When viewing test results, the following values should be of most interest to you:

  • Writes per second: Number of writes per second, e.g., 28690.29.
  • Speed@ 100%: 100 percentile of write speed in MB/s, e.g., 108.84.

Read load

To generate a read load, you need to write data first. Data is written by requests of 4096 bytes every 50 ms with no more than 1 in-flight request (interval load). If a request fails to complete within 50 ms, the actor will wait until it is complete and run another request in 50 ms. Data older than 10s is deleted. Data reads are performed by requests of 4096 bytes with 16 in-flight requests allowed (continuous load):

StorageLoad: {
    DurationSeconds: 60
    Tablets: {
        Tablets: { TabletId: 5000 Channel: 0 GroupId: 2181038080 Generation: 1 }
        WriteSizes: { Weight: 1.0 Min: 4096 Max: 4096}
        WriteIntervals: { Weight: 1.0 Uniform: { MinUs: 50000 MaxUs: 50000 } }
        MaxInFlightWriteRequests: 1

        ReadSizes: { Weight: 1.0 Min: 4096 Max: 4096 }
        ReadIntervals: { Weight: 1.0 Uniform: { MinUs: 0 MaxUs: 0 } }
        MaxInFlightReadRequests: 16
        FlushIntervals: { Weight: 1.0 Uniform: { MinUs: 10000000 MaxUs: 10000000 } }
        PutHandleClass: TabletLog
        GetHandleClass: FastRead
    }
}

When viewing test results, the following value should be of most interest to you:

  • ReadSpeed@ 100%: 100 percentile of read speed in MB/s, e.g., 60.86.

Read only

Before the start of the main load cycle the 1 GB data block of blobs with sizes between 1 MB and 5 MB is allocated.
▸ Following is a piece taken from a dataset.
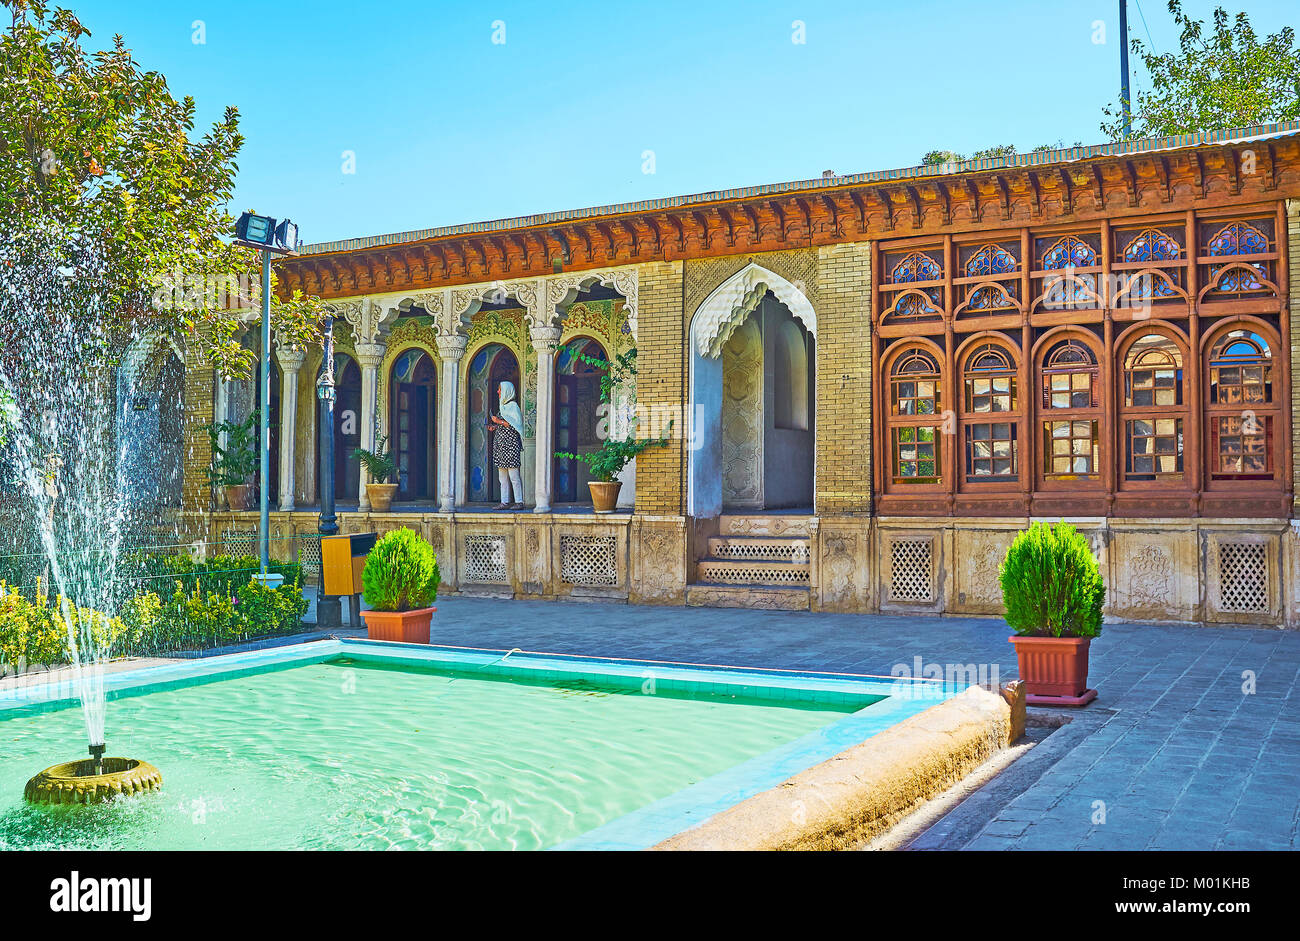 SHIRAZ, IRAN - 12 octobre 2017 : l'architecture de l'hôtel particulier avec Ol-Molk Zinat médiéval persan traditionnel jardin avec fontaines et décorations Banque D'Images

To avoid overloading the system with write requests the number of simultaneously processed requests is limited by the value of 5. After completing the initial data allocation the main cycle is launched. It consists of read requests sent with increasing rate: from 10 to 50 requests per second, the rate will increase gradually for 300 seconds.

StorageLoad: {
    DurationSeconds: 300
    Tablets: {
        Tablets: { TabletId: 5000 Channel: 0 GroupId: 2181038080 Generation: 1 }

        MaxInFlightReadRequests: 10
        GetHandleClass: FastRead
        ReadHardRateDispatcher {
                RequestsPerSecondAtStart: 10
                RequestsPerSecondOnFinish: 50
        }

        InitialAllocation {
                TotalSize: 1000000000
                BlobSizes: { Weight: 1.0 Min: 1000000 Max: 5000000 }
                MaxWritesInFlight: 5
        }
    }
}

Calculated percentiles will only represent the requests of the main load cycle and won't include write requests sent during the initial data allocation. The graphs in Monitoring should be of interest, for example, they allow to trace the request latency degradation caused by the increasing load.